Clavelina se había
desencantado de la vida. De la gente que la rodeaba. Un día se retó a sí misma
a construir su mundo. Uno propio, sin patrones explotadores ni galanes de
pacotilla. Ya había experimentado lo necesario para considerarse “experta en ciudades
de mierda y relaciones estúpidas” y sin pensarlo demasiado y dispuesta a
olvidarse de todo, vendió todas sus posesiones. Compró una cabaña perdida en el
medio de un bosque y una vaca. Pintó la casa de colores vibrantes y a la res un
clavel para recordar su nombre.
Segismundo no conocía
ninguna ciudad. Pero quería hacerlo. Unos tipos que lo levantaron en la
carretera cuando se dirigía a cumplir su sueño, después de muchas preguntas, le
habían ofrecido un trabajo. “Es temporal”

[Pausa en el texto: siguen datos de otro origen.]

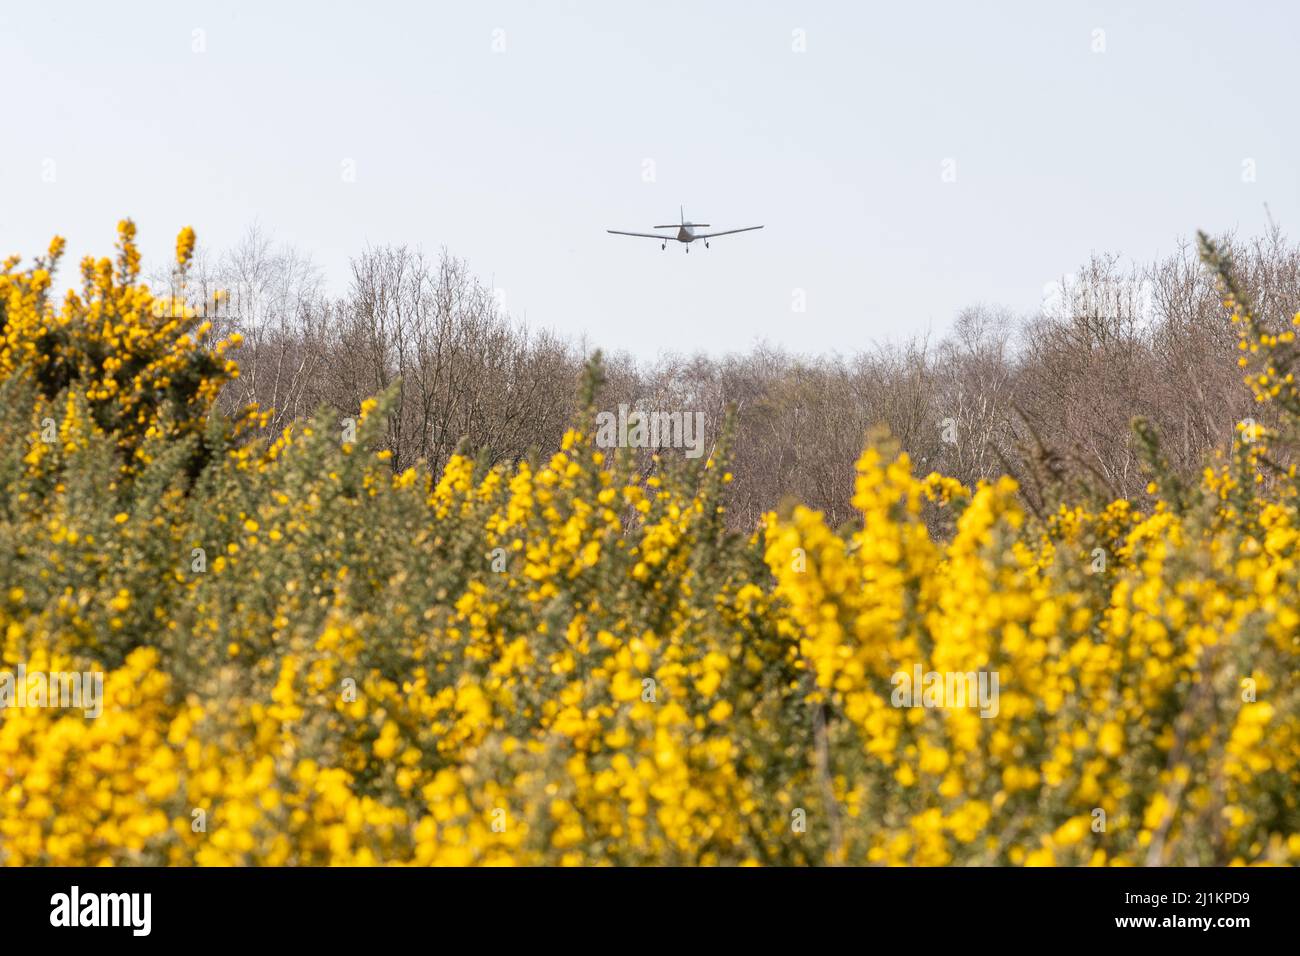 Small airplane flying above yellow gorse bushes coming in to land at Blackbushe Airport, Hampshire, England, UK Stock Photo

dijeron. Solo cuidar unas plantas tan raras como ellos.
Nunca volvieron.
La soledad le trajo
manías. Setenta y un pasos hasta el aljibe. Quinientos tres hasta el río… Se
perdía en la cuenta cuando iba hasta la plantación a buscar esas flores que le
gustaba quemar en la estufa. Cuando lo hacía, se reía y gritaba canciones
olvidadas.
Una mañana, subió al chinchorro
al Cachirulo. Un perro que apareció de la nada y se quedó con él. Remó hasta el
otro lado del río dispuesto a dar un paseo.
Allí se encontró con
Clavelina que paseaba a la vaca. Después de la sorpresa, la conversación se dio
natural. Él preguntaba sobre la ciudad. Ella, sobre los quehaceres del campo.
Él soñaba con ver
rascacielos. Ella, con comer algún postre con frutas.
Como todas las tardes,
Segismundo se sentó a esperar el atardecer. Unas nubes que parecían una muralla
se recortaban en el azul oscuro del cielo.
Son nubes, se dijo.
Agarró un balde y caminó
los seiscientos once pasos que lo separaban de las frutillas.